Evolution-institute.org looks interesting, since in the end all organizations have to choose some kind of specific ground and form. I keep notes on the development of this small town and its infrastructure, so this is useful. Almost all these above named groups tend towards a lack of humor. Some fan the flames of “change-dread” that make it unbearable to think about the losses already. It might feel like some of these ideas are powering change, but the plain fact is that it’s sometimes paralyzing.
Paul Hawken
https://vimeo.com/88694063 Can you bear to watch Paul Hawken’s talk?
https://vimeo.com/88694064 “Justice is the public face of love.”
https://vimeo.com/88693287 Testimony is religious -- well, spiritual. But then, AAAAACK -- they want money. (The church joke goes, “Let’s do something religious -- pass the collection plate!”)

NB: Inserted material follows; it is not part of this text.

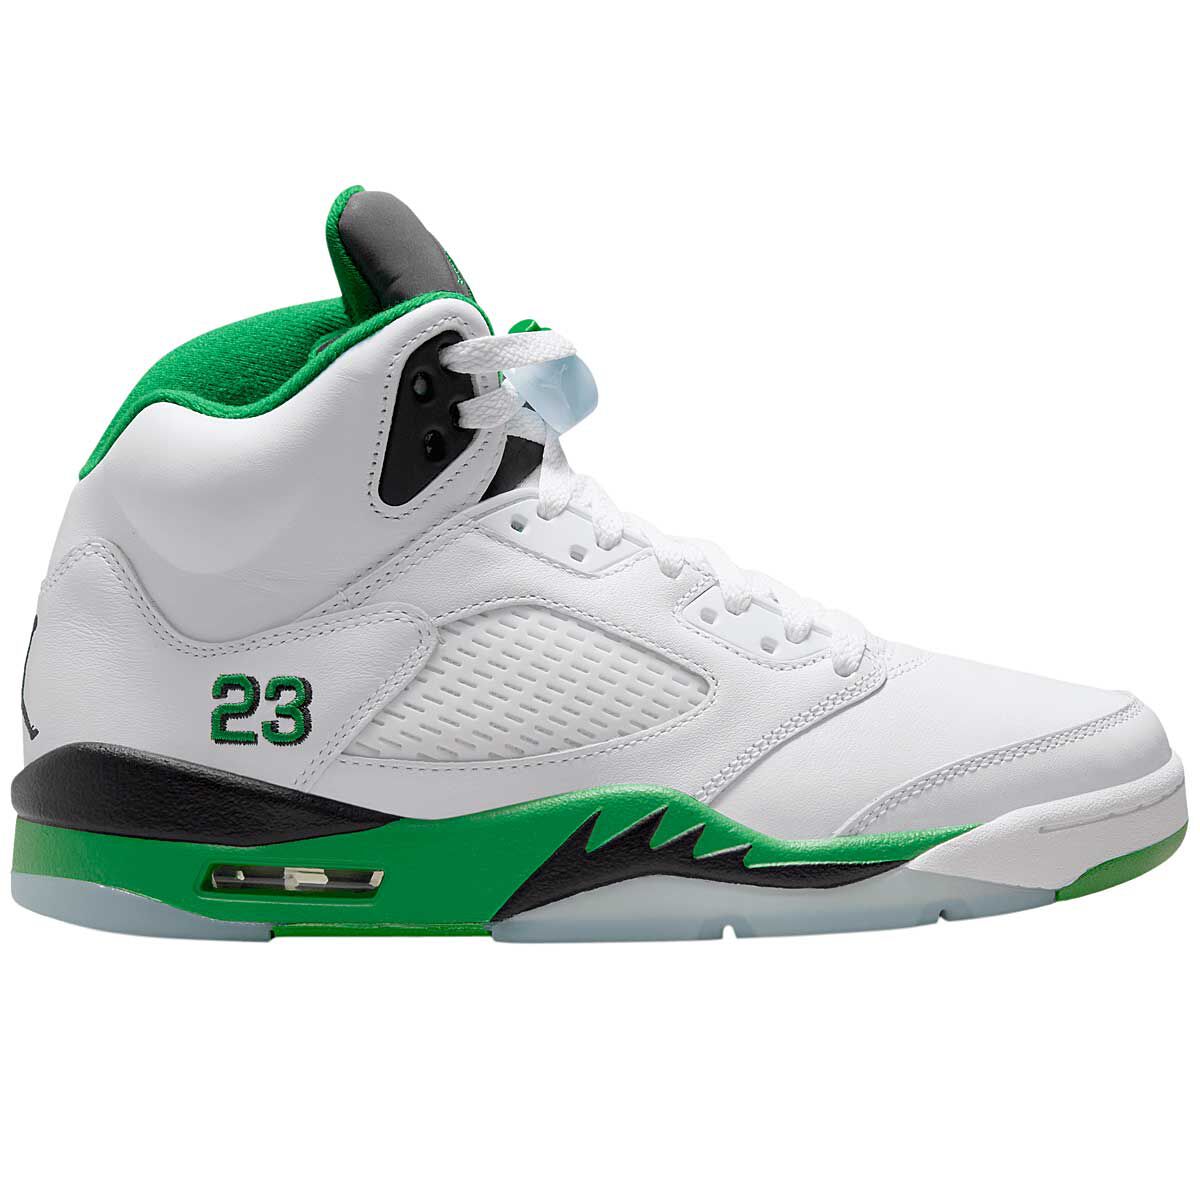 Air Jordan 5 | Comprar Retro Jordans en KICKZ.com

If the internet collapses due to a sun flare that finally fries all the satellites and connecting fibers -- which happens now on a small scale -- or maybe due to governmental or corporation domination of the rules about what can be posted to whom, these Internet-dependent organizations might end. Bioneers is reality and terrain-related enough to survive. Aeon won’t. It is what they call "horizontal" thinking, which is good sometimes but not always.
Wendigo
I sometimes think that in my lifetime I will see the collapse of academia -- maybe already am. Certainly every academic connection I have -- including public elementary and high schools as well as grad schools -- is frayed at the edges. They are dependent on convictions about what is worthy and useful, just as religious organizations are. (Degrees mean you’ll make more money; being "high church" means making more money.) But the cannibals are nearby. I can smell them. I don’t think Aeon can. As for Bioneers, they’ve gone vegetarian. I wonder what the Evolution Institute has to say about anarchy.